Eucalyptus limitaris

Scientific classification
- Kingdom: Plantae
- Clade: Tracheophytes
- Clade: Angiosperms
- Clade: Eudicots
- Clade: Rosids
- Order: Myrtales
- Family: Myrtaceae
- Genus: Eucalyptus
- Species: E. limitaris
- Binomial name: Eucalyptus limitaris L.A.S.Johnson & K.D.Hill

= Eucalyptus limitaris =

- Genus: Eucalyptus
- Species: limitaris
- Authority: L.A.S.Johnson & K.D.Hill

Species of eucalyptus

Eucalyptus limitaris is a species of tree or mallee that is endemic to north-west Australia.

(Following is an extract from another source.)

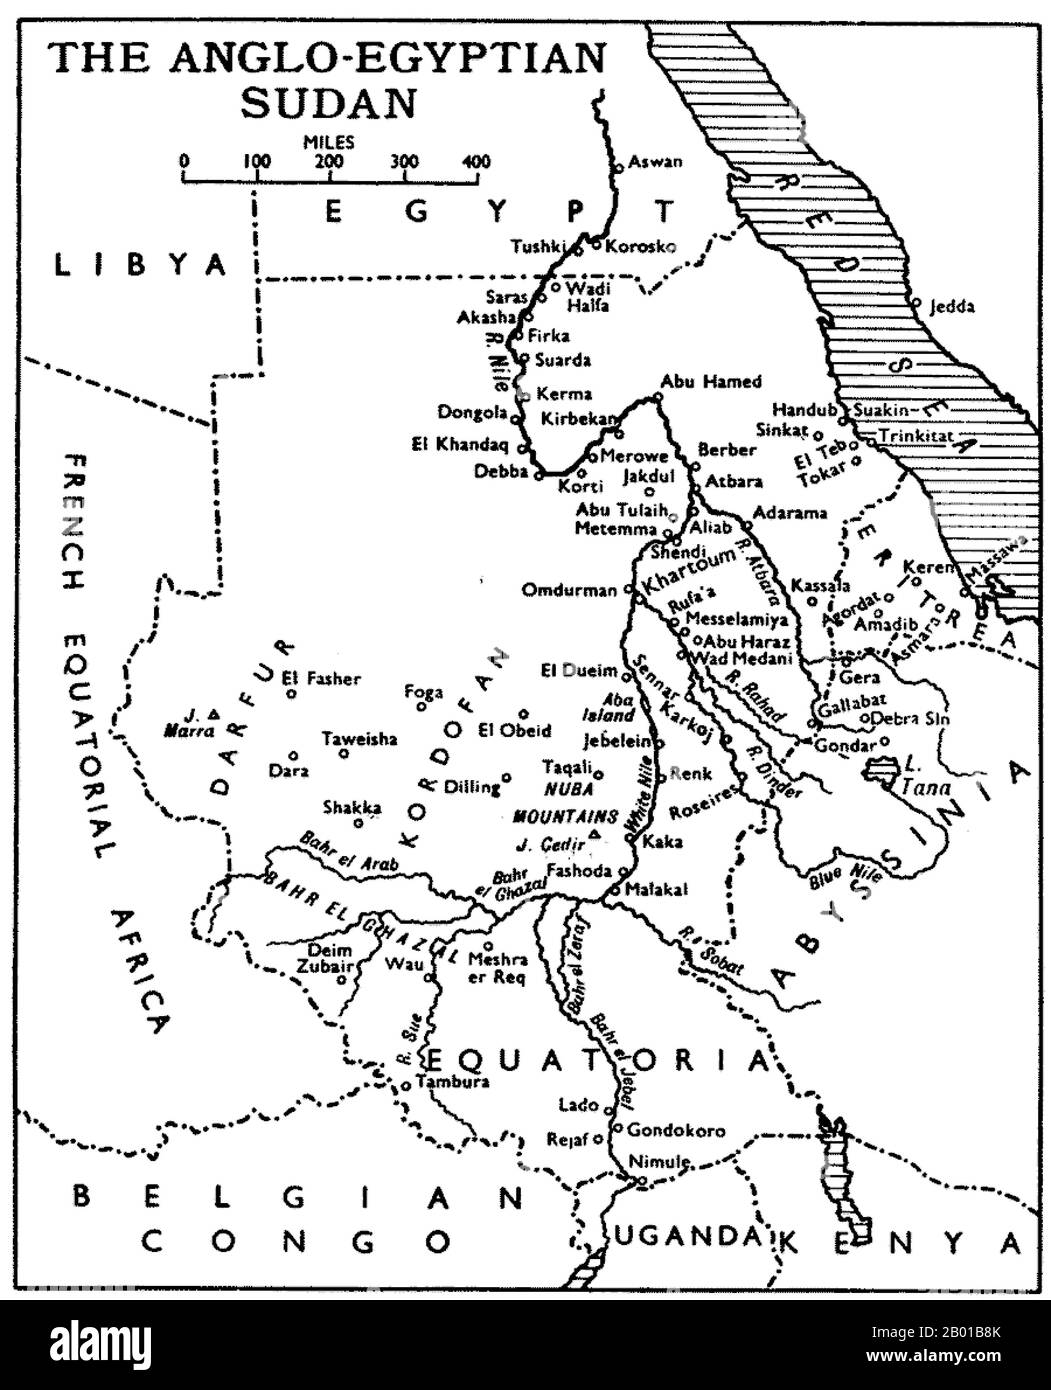 Sudan: Map of the Anglo-Egyptian Sudan showing Equatoria Province - now roughly coterminous with South Sudan, late 19th century.  The term Anglo-Egyptian Sudan refers to the period between 1891 and 1956 when Sudan was administered as a condominium of Egypt and the United Kingdom. Sudan (comprising modern-day Sudan and South Sudan) was de jure shared legally between Egypt and the British Empire, but was de facto controlled by the latter, with Egypt only enjoying limited local power in reality as Egypt itself fell under increasing British influence. Stock Photo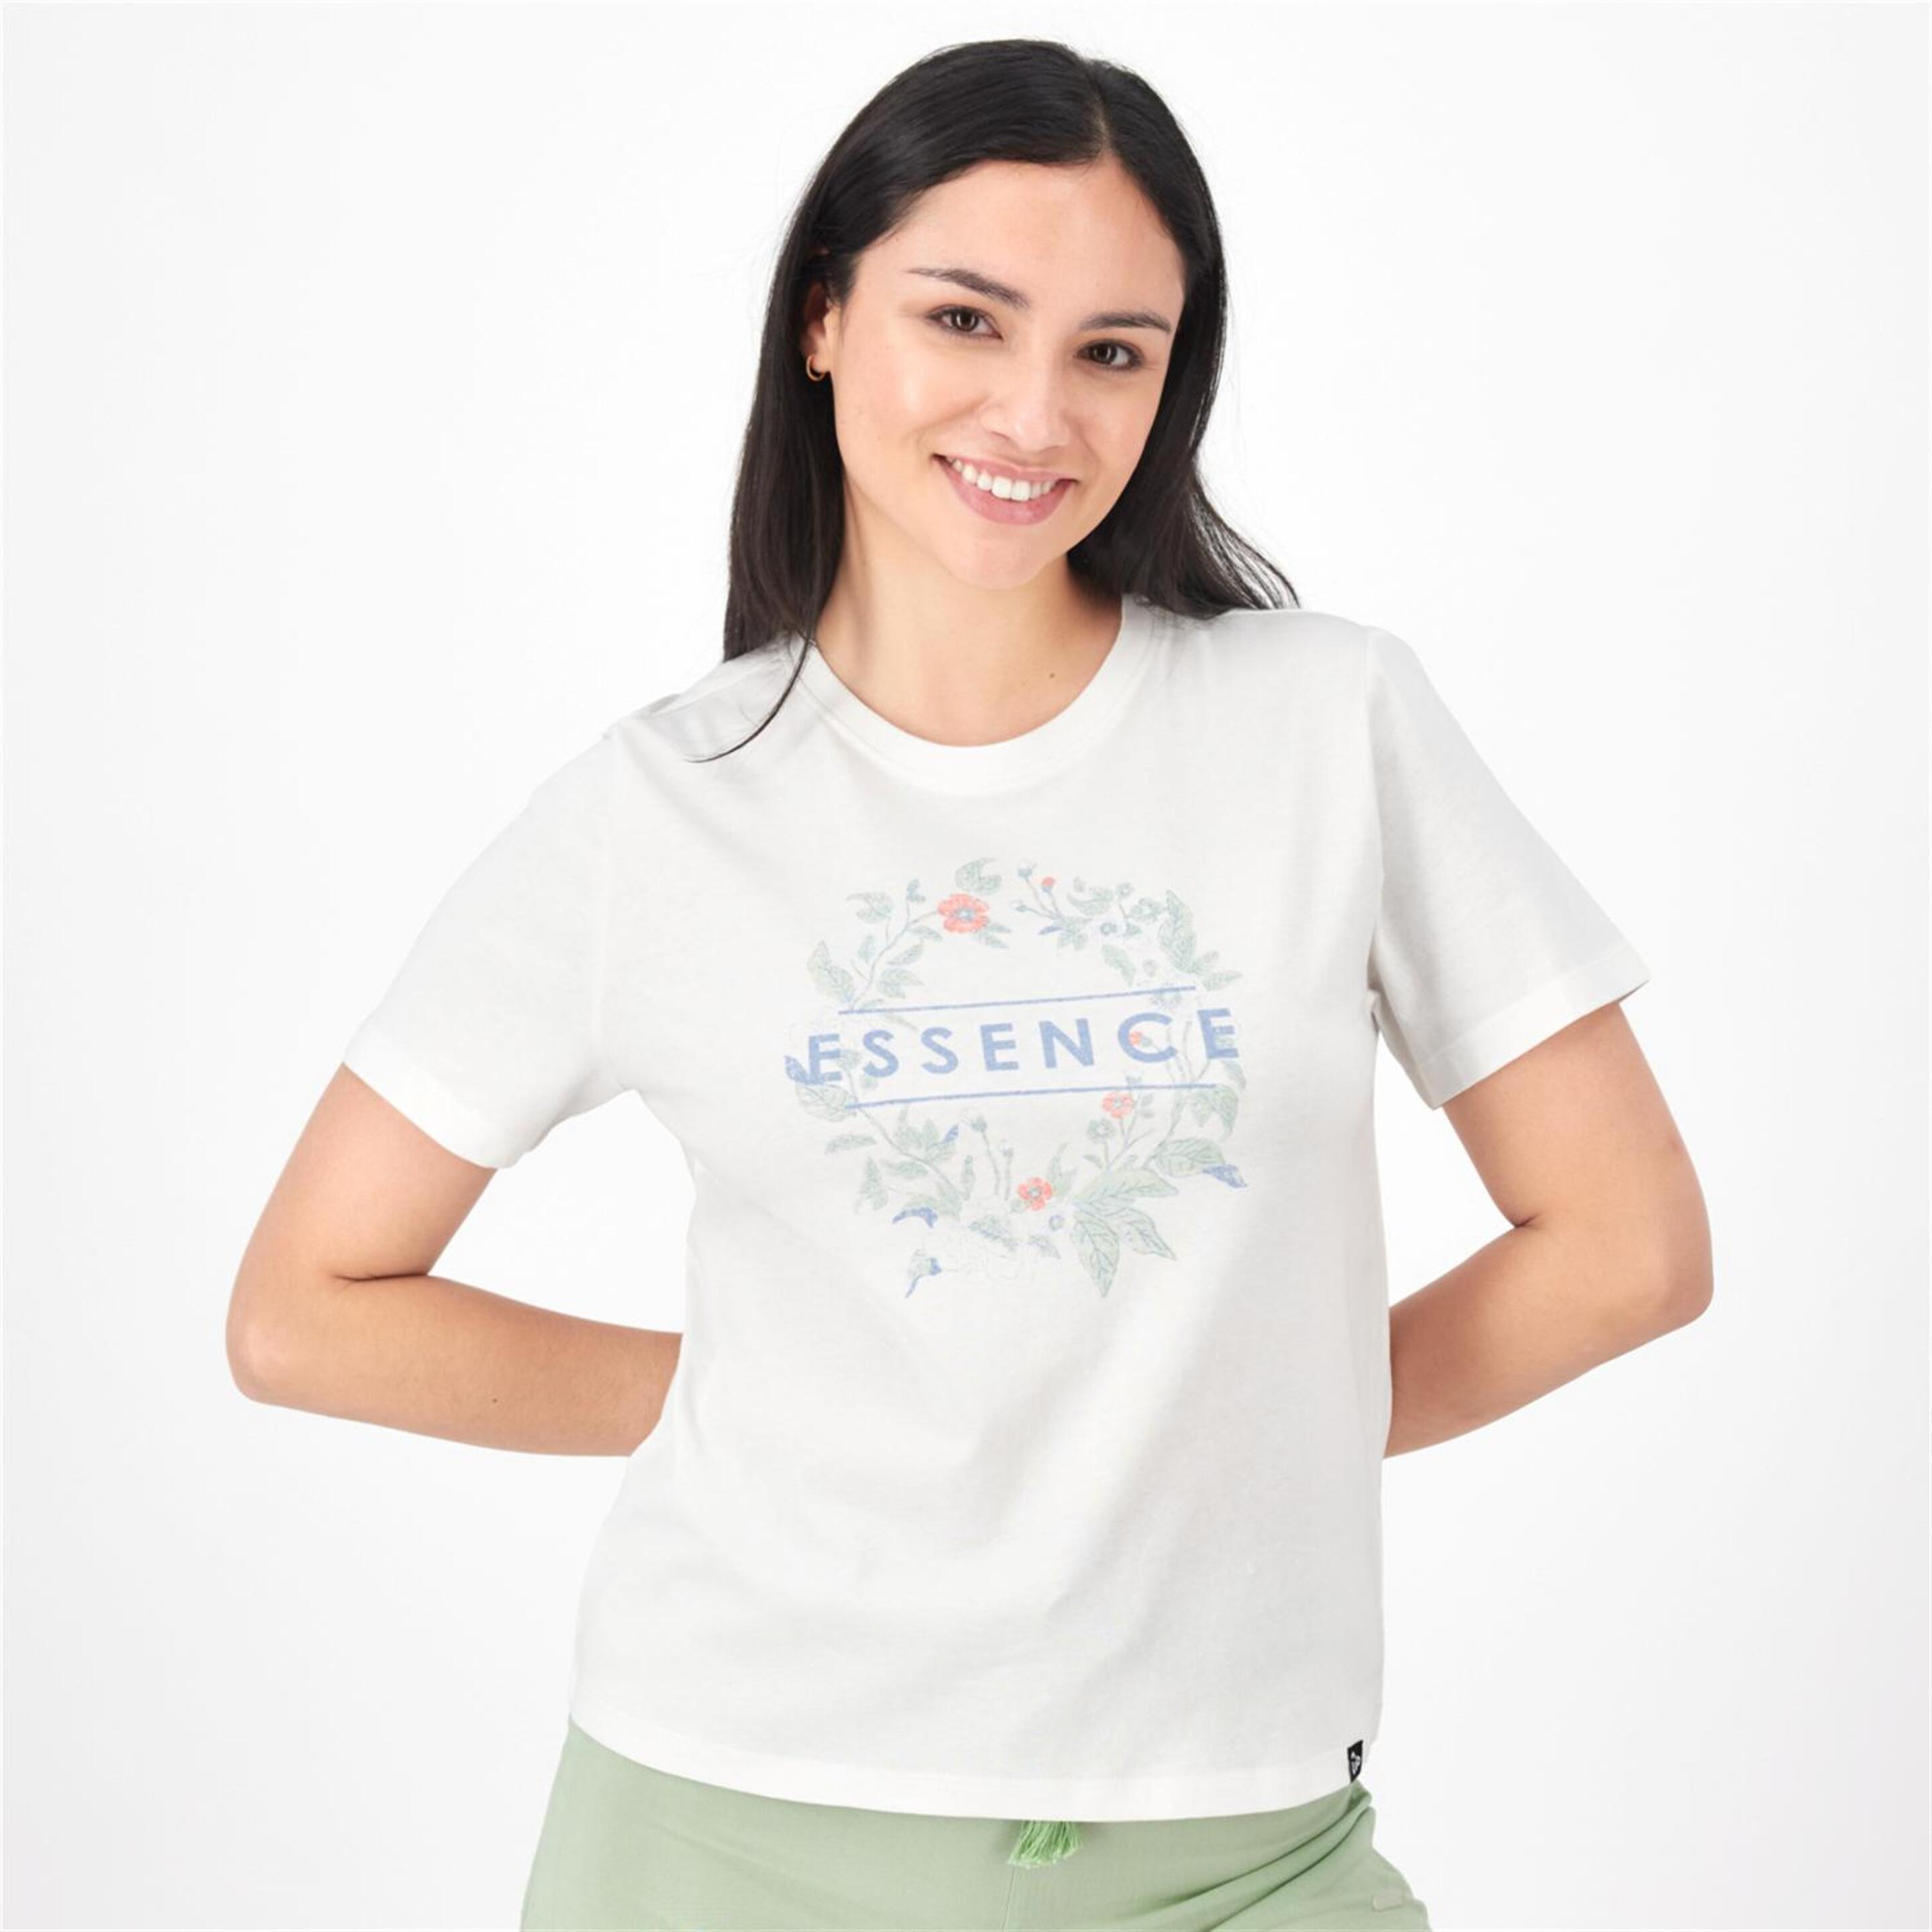 Up Stamps - blanco - Camiseta Mujer

It has rough, flaky or fibrous bark on the trunk and branches, lance-shaped to curved adult leaves, flower buds in groups of seven on a branching peduncle and conical to barrel-shaped or cup-shaped fruit.

==Description==
Eucalyptus limitaris is a tree or mallee that typically grows to a height of 8 m and forms a lignotuber. It has rough, fibrous to flaky, deeply fissured, greyish to brownish bark from the trunk to the thinnest branches. The adult leaves are dull green, lance-shaped to curved, 90-250 mm long and 14-35 mm wide, tapering to a petiole 12-26 mm long. The flower buds are arranged on a branching peduncle in leaf axils and on the ends of the branchlets, the buds in groups of three or seven, the peduncle 6-23 mm long, the buds on pedicels 2-9 mm long. Mature buds are oval to pear-shaped, 7-8 mm long and about 4 mm wide with a conical operculum. The fruit is a woody, conical to barrel-shaped or cup-shaped capsule 5-11 mm long and 5-9 mm wide with the valves near rim level.

==Taxonomy and naming==
Eucalyptus limitaris was first formally described in 2000 by Lawrie Johnson and Ken Hill near the Mary River. The description was published in the journal Telopea. The botanical name (limitaris) is from the Latin limes, limitis meaning "a border" or "a boundary", referring to the distribution of the species.

==Distribution and habitat==
This eucalypt grows in open savanna shrubland, often near ephemeral creeks near the border between Western Australia and the Northern Territory, in the area between Halls Creek, Fitzroy Crossing and around Top Springs.

==Conservation status==
Eucalyptus limitaris is classified as "not threatened" in Western Australia by the Western Australian Government Department of Parks and Wildlife.